I have a daughter who says she has wished that her name had been something different from what it is. Funny, I have never asked her why. However, one day when she was looking at some of my genealogy notes she discovered another Sanderson with the same given name. That made hers more palatable, I guess, because the subject has not come up again.
That started me thinking about my family. My Dad's sister was given a name on her birth certificate that she did not like. Actually, to me, it was a nickname. She did something about it in that she had her name changed legally by the court. My dad and his brother reversed their first and second names so that the names they were called were their first given name. It seemed to carry down to me as my parents and everyone else called me by my middle name.
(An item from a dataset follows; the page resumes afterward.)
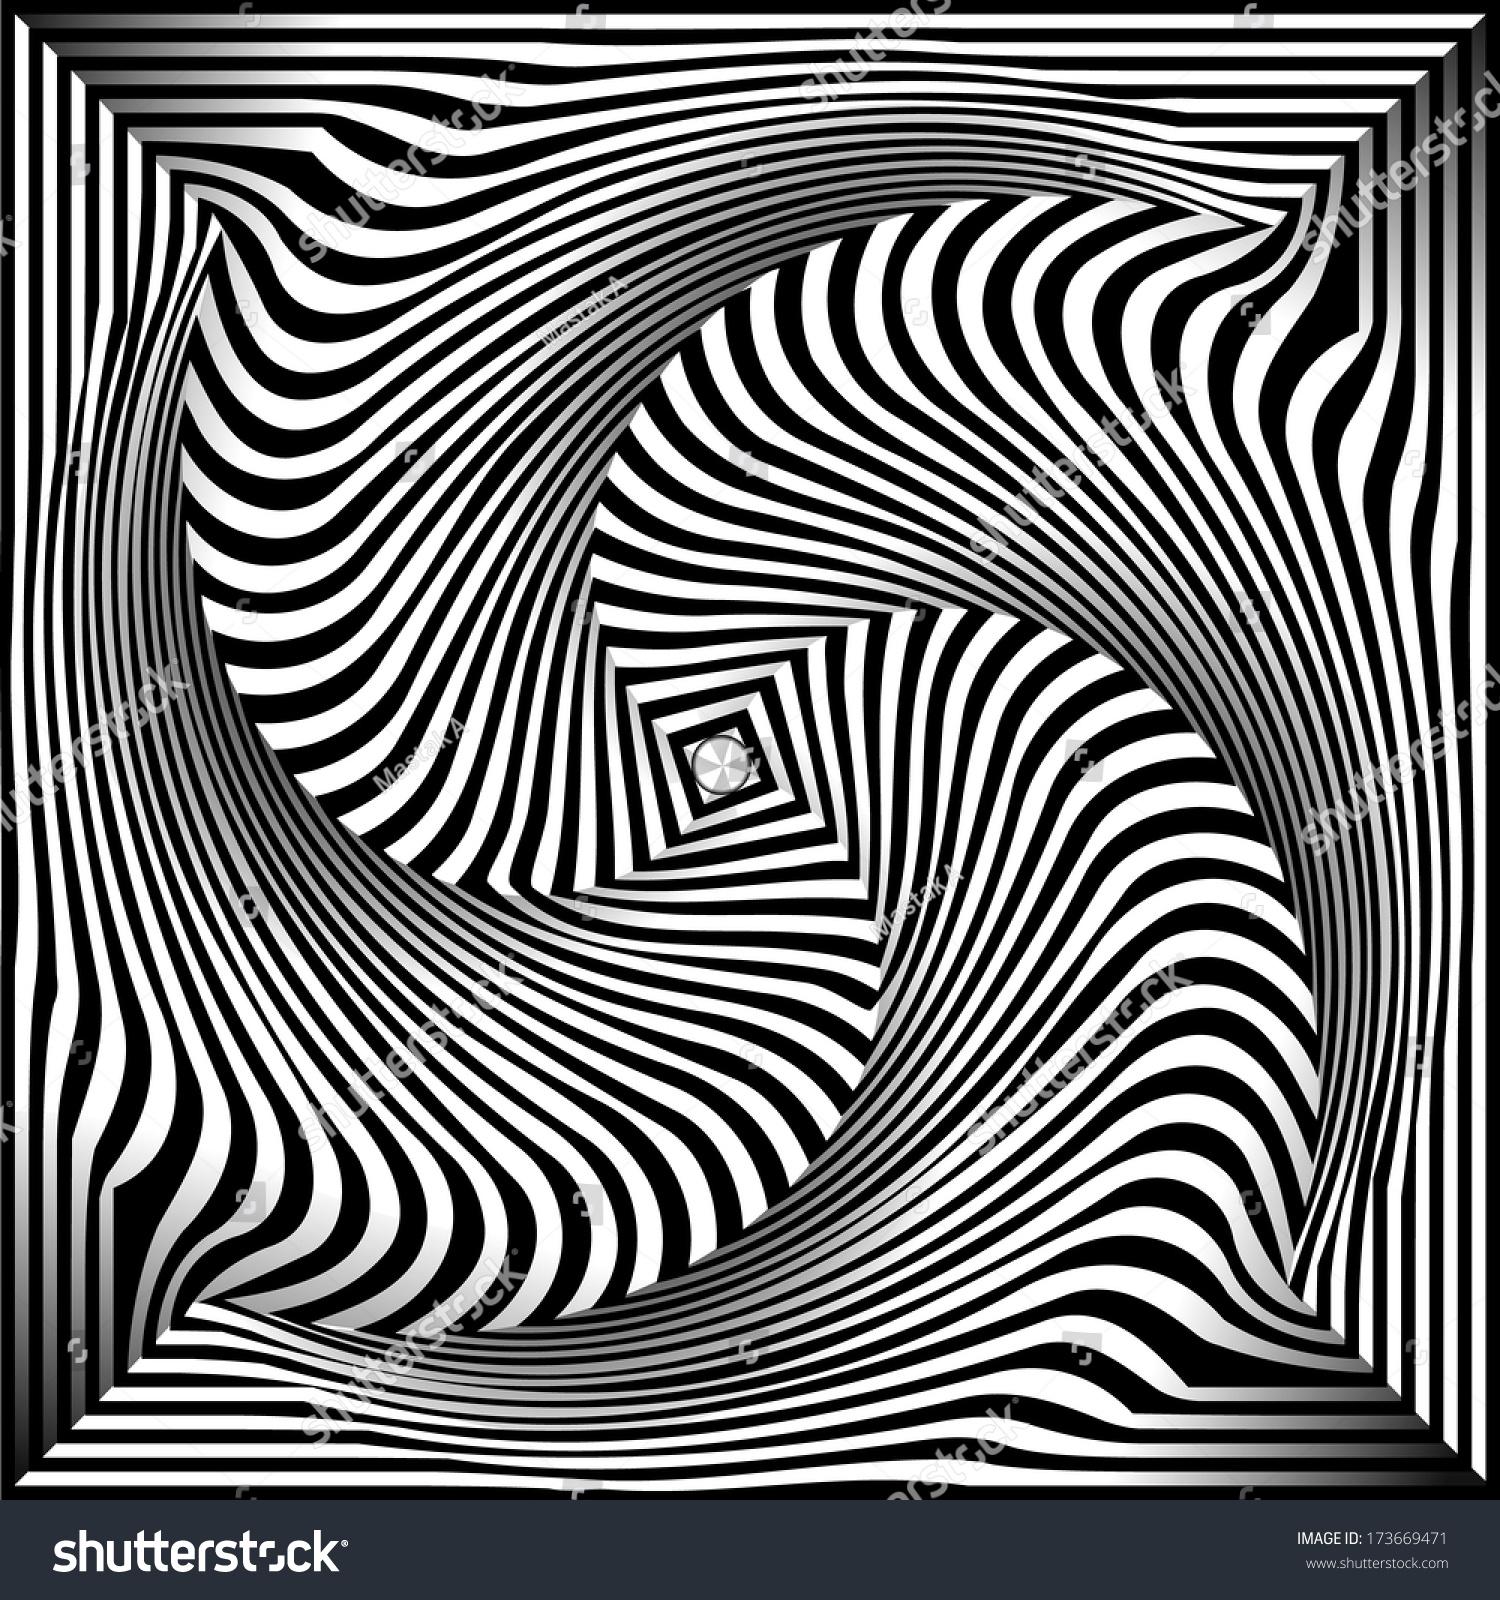 optical illusions wallpaper abstract - photo #45

I happened to like both given names so it didn't bother me. However, if I had not been on my toes my high school diploma would have reversed them. To me they would have sounded awkward that way.
My husband told me once that when we moved away from where I grew up, he was going to start calling me by my first given name. When that really happened, I had to look to see to whom he was talking to or about the first couple of times. I soon became used to it but when I think about it both names were ones that I liked. When we went home, people still called me by my middle name. I answer to both.
My mother's dad was one of those people. At birth, he was given the name Horace for his dad. Something happened and he did not like it so it was changed (not by the courts just by him) to Wilfred. He was in the Civil War...I knew that as my grandmother received a widows pension. I wanted to know more of his war service than just that he was in it on the side of the Union. The indices that I looked in for him never gave his name. I mentioned that to a cousin one day and she told me it was because he had enlisted under an alias. I asked her if she knew what it was and she told me that he used Henry C. He never changed his surname. Using the alias I found him in the index for the "Massachusetts Soldiers and Sailors of the Civil War." When I used the alias to get his pension records, I found the card that led to them, but because of other things they were not where anyone expected them to be. I finally got them.
In going through his records, I found letters from family and friends who wrote to vouch that Wilfred was indeed Henry C. One friend gave a reason as to why he had used an alias. It was not because he was under age but because he did not want his father or older brother getting the bounty that these enlistees got for having joined.
Later, in looking at the town vital records, I found that when he went to report the birth of each of his sixteen children he used both Wilfred and Henry C and variations of them. Had I not had the knowledge of this change I would have thought he was someone else.
Therefore, when you lose an ancestor and cannot discover any other reason for their being missing, you may want to consider a different given name that could be similar to the one for which you aresearching.